My personal highlight was the original transcript of the famous rape trial, a loan which was announced during the first lockdown. Here we can see the very words Artemisia uttered to prove her statements true against the artist Agostino Tassi.
Ultimately, the exhibition shows that Artemisia Gentileschi was no mere legend. Through passion and hard work, she devoted her life to building her reputation as a noteworthy artist. She wasn’t satisfied until she could be the best of the best, constantly vying for patronage from the most prominent members of society.
It’s a lot for someone who was housebound all her childhood by a controlling father, and didn’t know how to read and write until after she married. And even THAT was an arranged marriage.
Artemisia is an inspirational figure to all, regardless of gender, sex, economic and social background. And the best part?
Transcript of the Tassi-Gentileschi trial
I’m never going to stop talking about how amazing it was to finally see the original transcript of the Tassi-Gentileschi trial, on loan to #Artemisia @nationalgallery from the Archivio di Stato, Rome.
Agostino Tassi worked with Orazio Gentileschi and, since there was practically no distinction between the painting workshop and the Gentileschi’s living areas, there would have been much daily contact between Tassi and Artemisia. This is where he would have done the deed.
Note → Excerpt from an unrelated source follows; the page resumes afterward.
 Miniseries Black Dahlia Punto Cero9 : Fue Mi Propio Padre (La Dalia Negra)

In fact, it was a bad idea from day one. Tassi had previously been tried for incest in 1610 with his sister-in-law.
There are very few specific details about the event; most anecdotes are nothing other than rumours. What we do know is that Orazio accused Agostino Tassi of ‘deflowering’ his daughter and it went to court, albeit in private. The trial happened almost 9 months after the event, and this is the transcript, open on Monday 14 May 1612.
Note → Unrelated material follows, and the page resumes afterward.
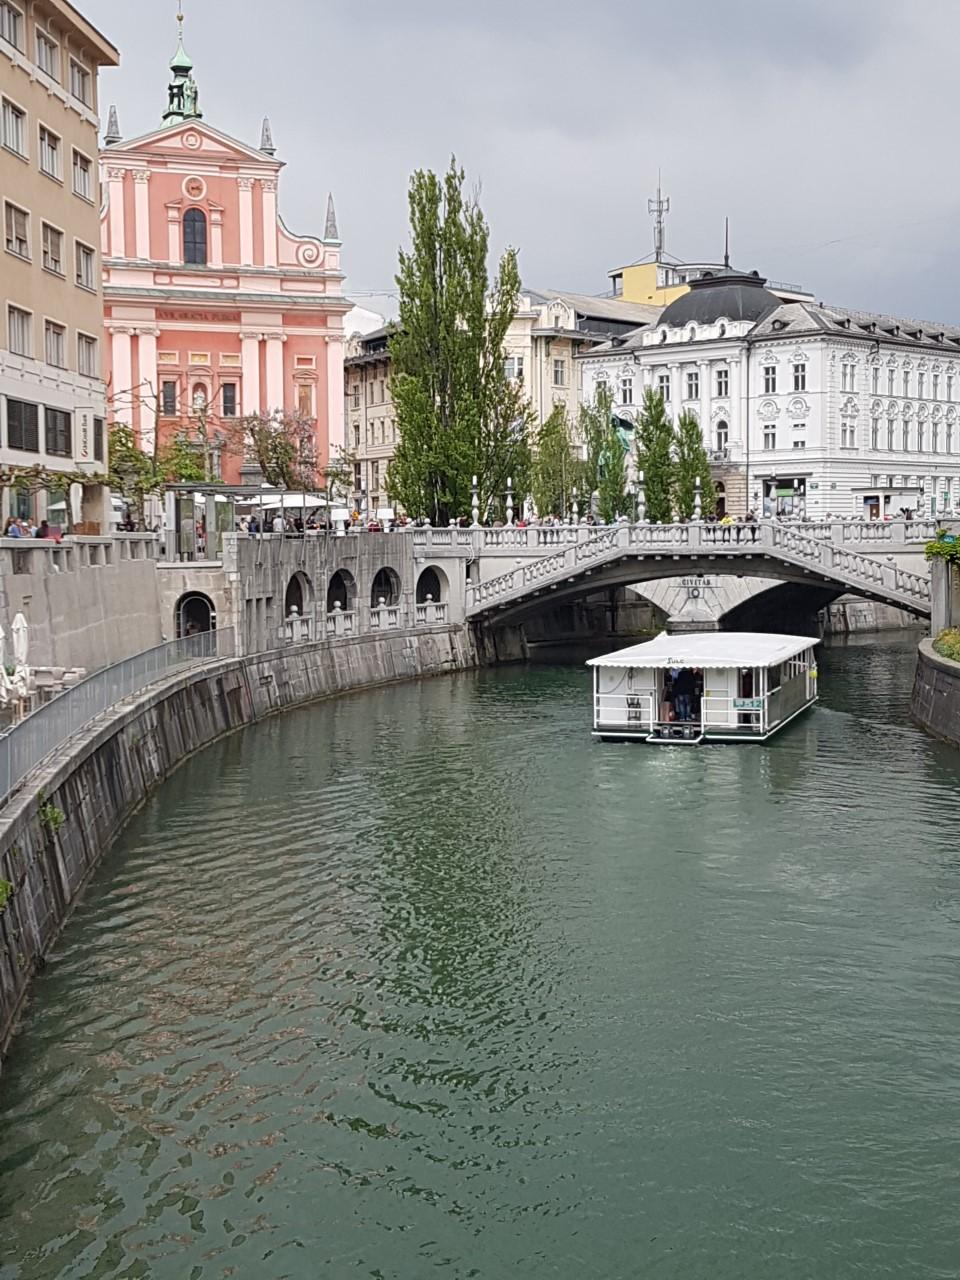 Ljubljana een typische grauwe oostblok stad, of valt dit mee?

In brief, Artemisia rejected Tassi’s advances. Tassi promised to marry her because, at the time, that was considered an acceptable form of compensation for ‘defloration’ to restore the honour that was taken away by force. Artemisia accepted Tassi’s promise, continuing a sexual relationship for several months. However, it was discovered during the trial that Tassi was already married, so his promise was false.
The officials asked Artemisia if she was willing to undergo ‘judicial torture’ to establish her statements as ‘true’. She agreed and this response is noted in the top line of the left-hand page.
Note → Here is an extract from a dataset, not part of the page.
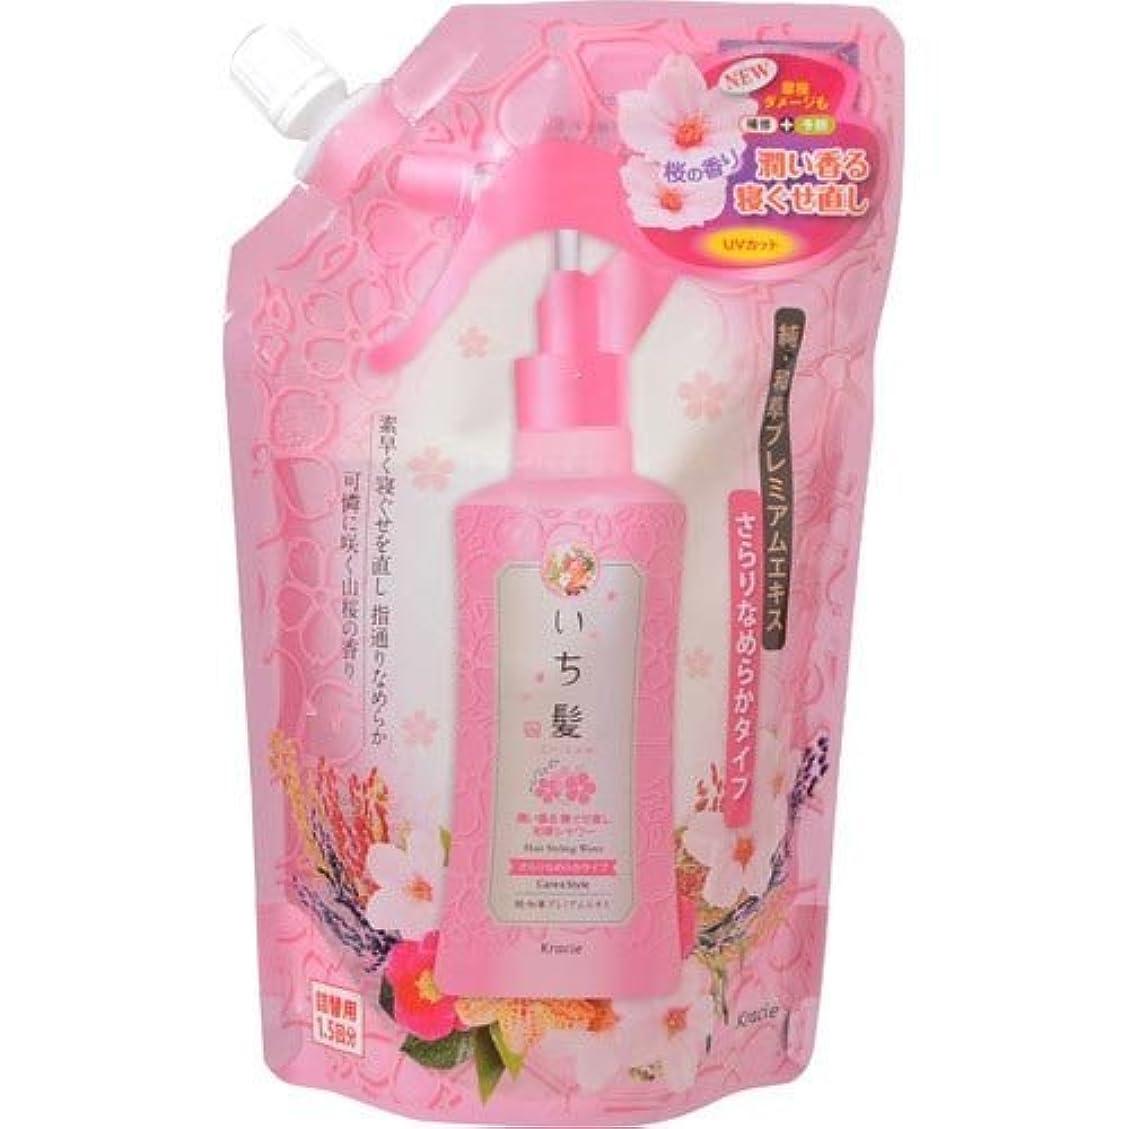 阻害するいくつかの洞察力のあるいち髪 潤い香る寝ぐせ直し和草シャワー さらりなめらかタイプ 詰替用 375mL

The torture chosen was the ‘sibille’, which is where a system of cords is looped around the fingers and tightened.
During this, Artemisia is recorded as having said: ‘É vero é vero é vero é vero’ (It is true it is true it is true it is true). We can see this a little above the halfway point on the right-hand page.
She then turned to Tassi and said ‘This is the ring that you give me, and these are your promises’, referring to his earlier promise of marriage.
On 28 November 1612, Tassi was found guilty and banished from Rome, but it wasn’t enforced until a year later.
Susannah and the Elders (1610)
The famous Pommersfelden version of ‘Susannah and the Elders’ (1610) is Artemisia Gentileschi’s first signed and dated painting, painted when she was just 17 years old.
It is a fantastic example of her early talent and what she learnt from her father’s painting, such as bright use of colours, subtlety of flesh, and extraordinary attention to details and textures, especially those of clothes and architecture.
Where Artemisia departs from her father’s painting is the added sense of emotion and sympathy to her subjects. In ‘Susannah and the Elders’, she emphasises with great subtlety Susannah’s reaction to the two lustful elders approaching her as she bathes.
She immediately twists her body; her legs face the other way while her hands block their approach. Her nakedness contrasts greatly with the elders’ layers of clothing. Her distressed expression is at odds with the blushing of one of the elder’s faces.
Nothing about this situation looks comfortable. It was designed to shock and make viewers feel something, compared to similar depictions by her contemporaries which often appear quite tame, as if Susannah were having a conversation with the elders.
It was painted the year before she was raped by Agostino Tassi.
Susannah and the Elders (1622)
For the @burghleyhouse ‘Susannah and the Elders’ (1622), Artemisia focused on Susannah’s modesty, rather than the physical rejection of the elders’ advances.
She actually references an antique sculpture with the ‘venus pudica’ pose, in which Venus was also surprised at her bath and tried to cover herself. But unlike Venus, Susannah is a real woman of flesh and blood.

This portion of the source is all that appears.